Изменить стиль страницы

— Проблем у нее никаких не будет, — пообещал Кен. Его тон сделался внезапно саркастическим, а он сам — вполне вменяемым. — Она просто скоро припомнит, что должна чтить отца своего и мать, и неважно, какая она теперь знаменитость!

— Я ничего не буду делать без Питера, — лицо Эллы было искажено от страха. Никогда прежде она не решалась возражать отцу.

А теперь, начав, не осмеливалась отступить. — Ты не можешь меня заставить!

— Еще посмотрим!

— Я не буду! Питер — единственный, кто меня понимает!

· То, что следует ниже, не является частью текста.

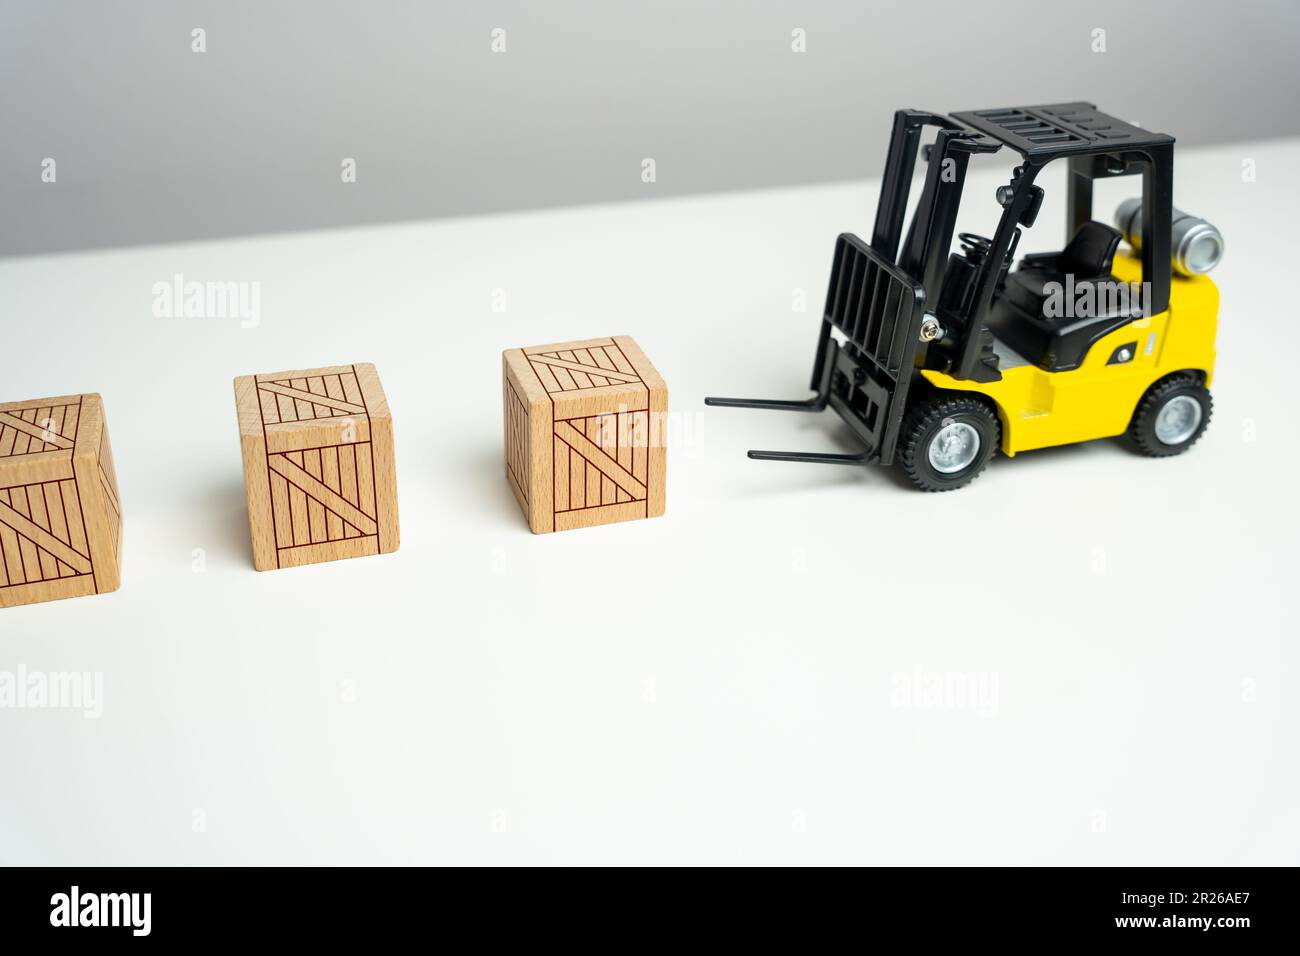 Wooden crates are picked up by a forklift. Preparation of order for shipment. Efficient process of preparing orders for shipment. It signifies the imp Stock Photo

— Да ну?! Так вот, твой Питер может отправляться искать легких денежек где-нибудь в другом месте.

— Жадность. Так это в ней все дело, да, мистер Уоллис? Вы понимаете, что не можете больше избивать Эллу до состояния желе, правда? Вам не даст этого сделать жадность — до тех денег, которые она вам приносит. Разве не так?

— Ты не отец, — прорычал Кен. — Что ты в этом понимаешь?

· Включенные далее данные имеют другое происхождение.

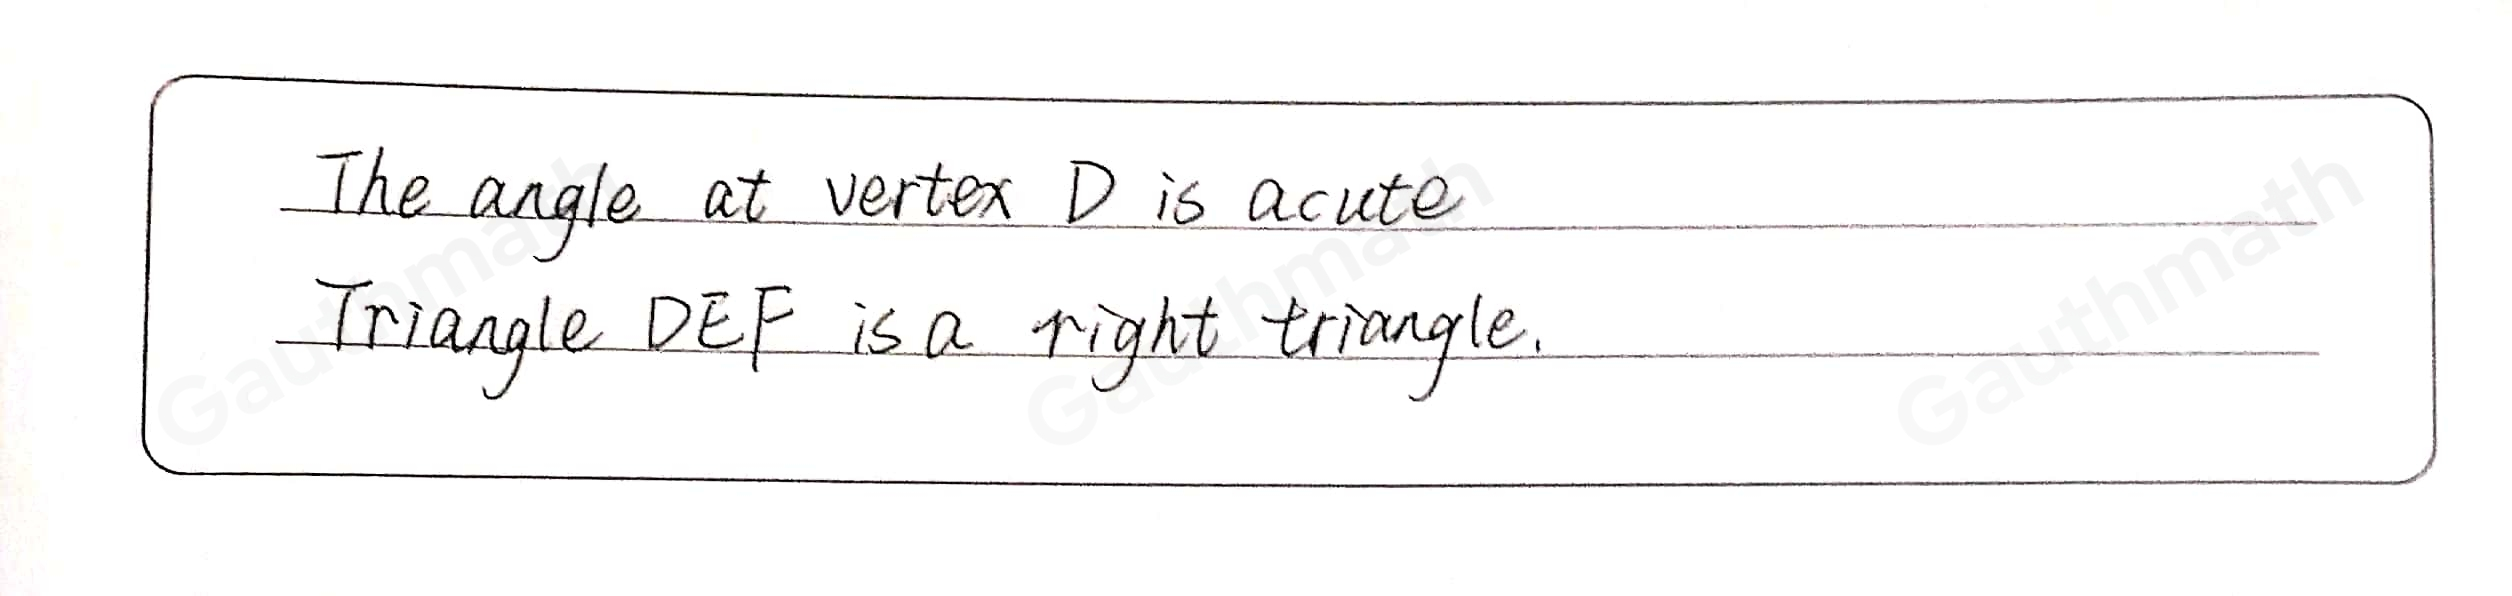 If triangle DEF has a 90 ° angle at vertex E, which statements are true? Select two options. Triangle DEF is an obtuse triangle. The angle at vertex D is acute. The angle at vertex F is obtuse. Triangle DEF is a right triangle. The angle at vertex D is obtuse.

— Я понимаю, что вы и думать ни о чем не можете, кроме денег!

— Будто ты о них не думаешь!

— Если уж на то пошло, я их больше заслуживаю, чем вы. Я Элле нужен. А без вас она прекрасно может обходиться!

— Так ты хочешь компенсацию, так?

— Мне нужны не деньги. Я не требую даже формального контракта.

— Ты его и не получишь! Элла пока несовершеннолетняя. Я ее законный опекун. И я не подпишу ни единой бумажки, на которой будет твое имя.

— Подпишете, если Элла этого захочет. У вас не будет выбора.

— Я не буду ничего делать для тебя, — гневно объявила Элла отцу. — Все деньги, которые ты на этом делаешь — это как будто ты их крадешь! Ты ничего не сделал, чтобы их заработать! — Гордая, и одновременно испуганная, она улыбнулась Питеру. Он не глядел на нее. Он мерился взглядом с поблескивающими свиными глазками Кена Уоллиса.

— Думаешь, ты такой умный… Ну, погоди, мистер Смазливая Задница! Я тебя отсюда за уши вытащу — и мяукнуть не успеешь! — он подошел к дубовой двери, и повернулся. — А ты, моя девочка… надеюсь, ты когда-нибудь раскаешься в своих словах, да хорошенько! Дьявол наложил свою лапу на твою душу. Ты теперь забыла о путях Господних настолько, что тебе даже не становится стыдно за такие подлые и злые слова, что ты говоришь собственному отцу!

— Высокопарная чушь! — выплюнул ему вслед Питер.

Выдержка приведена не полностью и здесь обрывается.